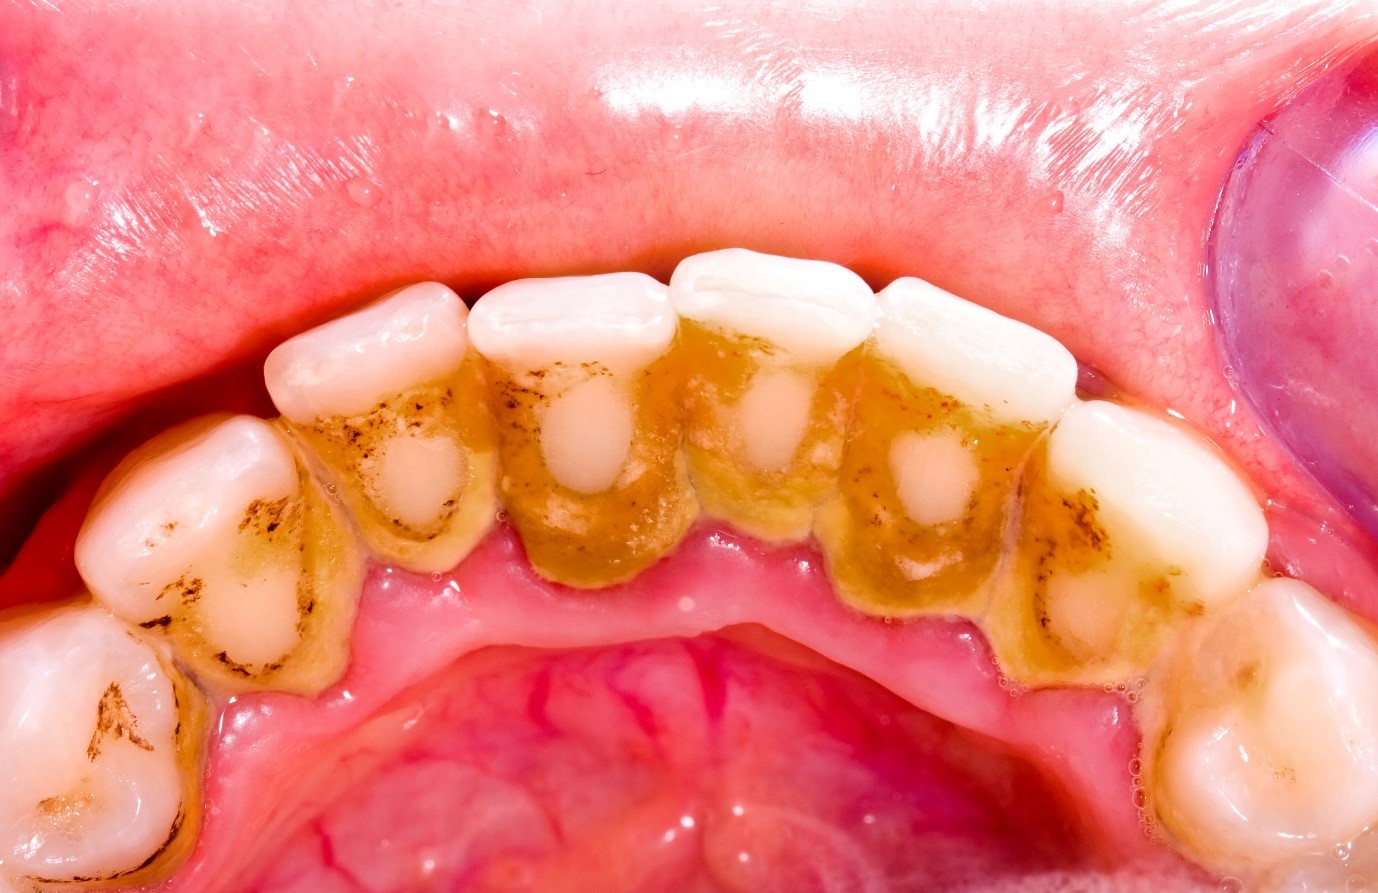  Mảng bám tích tụ lâu ngày trong cao răng là nơi trú ngụ của vi khuẩn -- Những kinh nghiệm trước khi đi lấy cao răng mà bạn nên biết --
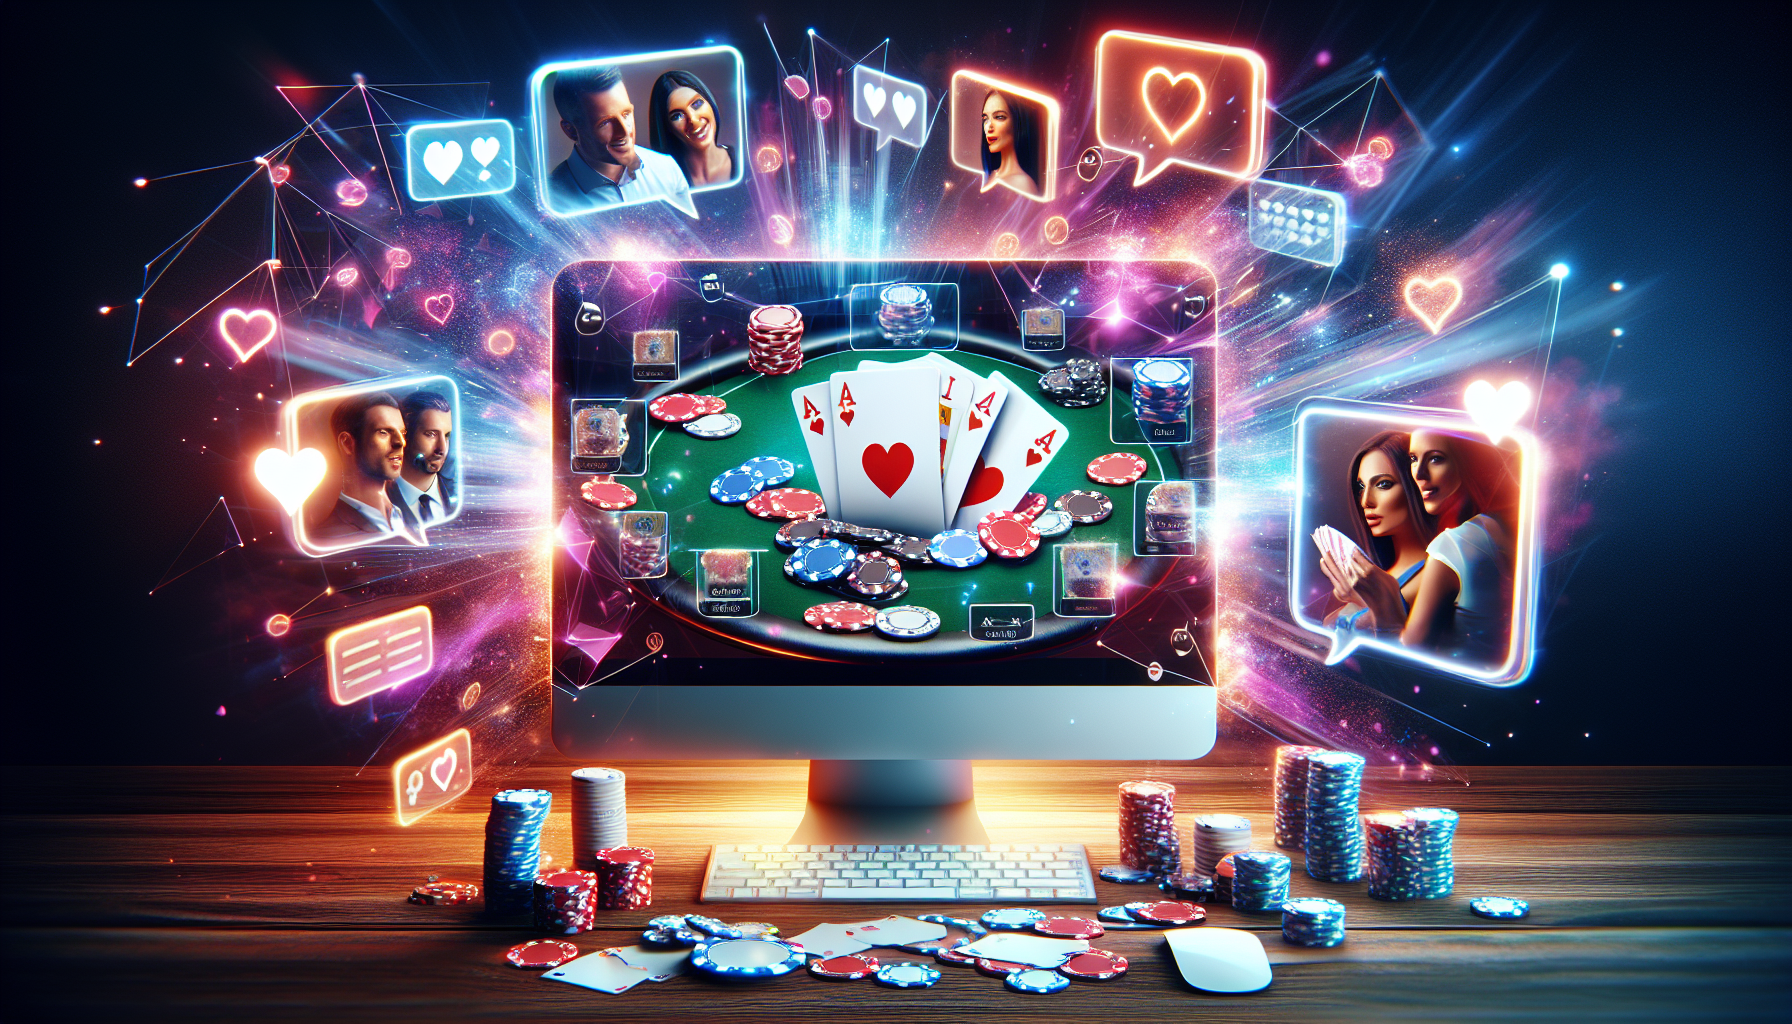 découvrez les meilleurs sites de poker en ligne pour jouer et gagner de l'argent. profitez d'une large sélection de jeux de poker et de tournois excitants.
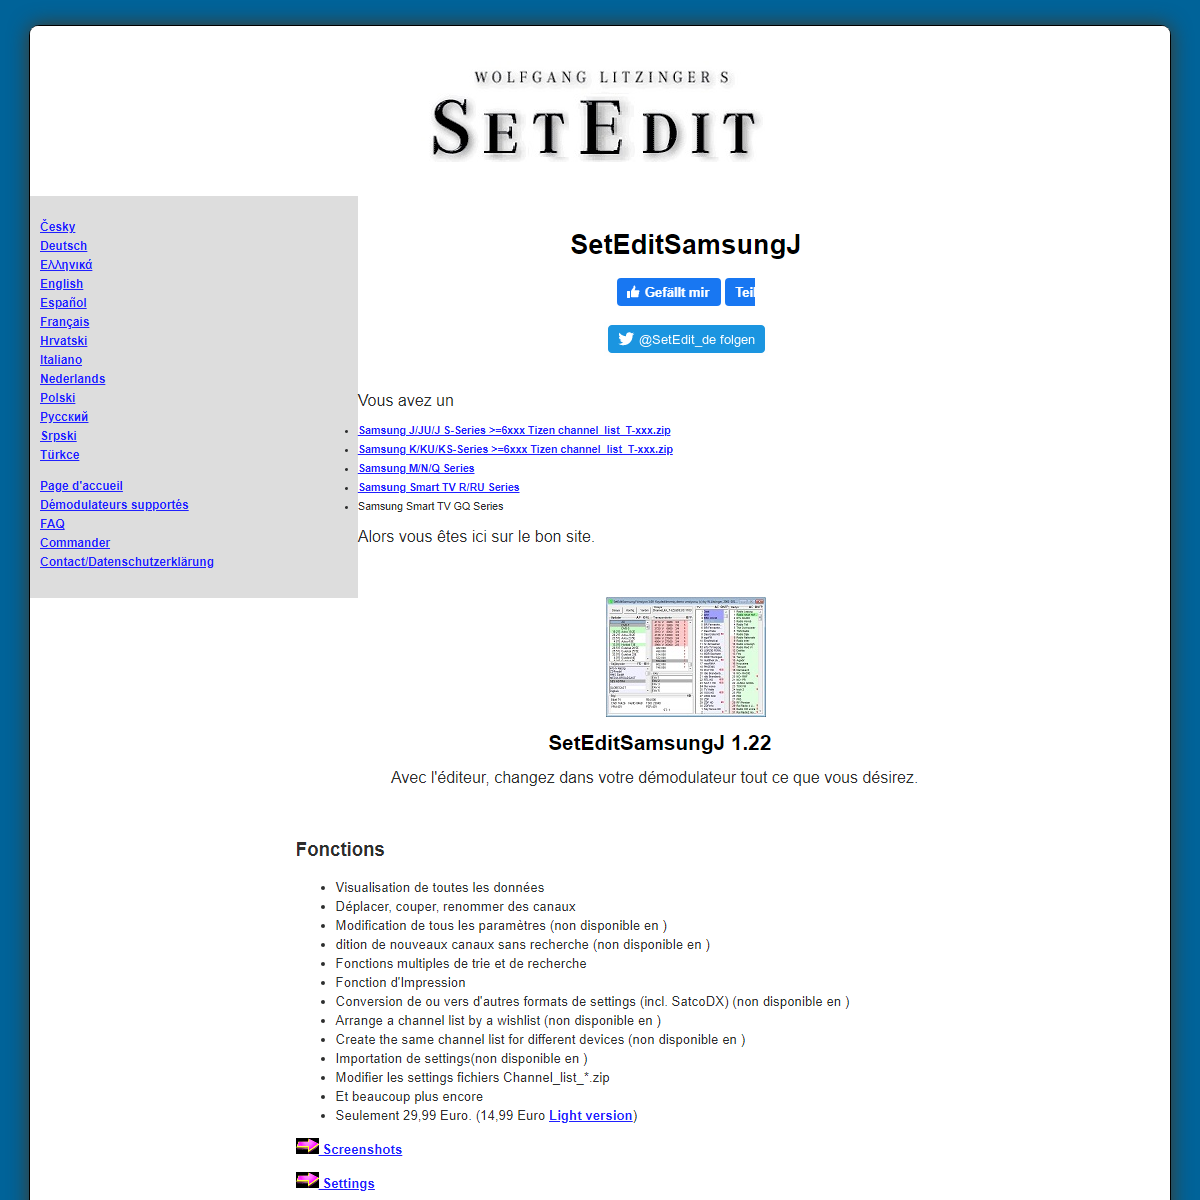 A complete backup of https://www.setedit.de/SetEdit.php?spr=4&Editor=163

◆ What the task requires:
Down to the last line, print the material exactly, but not its pictures.

◆ Task result:
  Mảng bám tích tụ lâu ngày trong cao răng là nơi trú ngụ của vi khuẩn -- Những kinh nghiệm trước khi đi lấy cao răng mà bạn nên biết --
 découvrez les meilleurs sites de poker en ligne pour jouer et gagner de l'argent. profitez d'une large sélection de jeux de poker et de tournois excitants.
 A complete backup of https://www.setedit.de/SetEdit.php?spr=4&Editor=163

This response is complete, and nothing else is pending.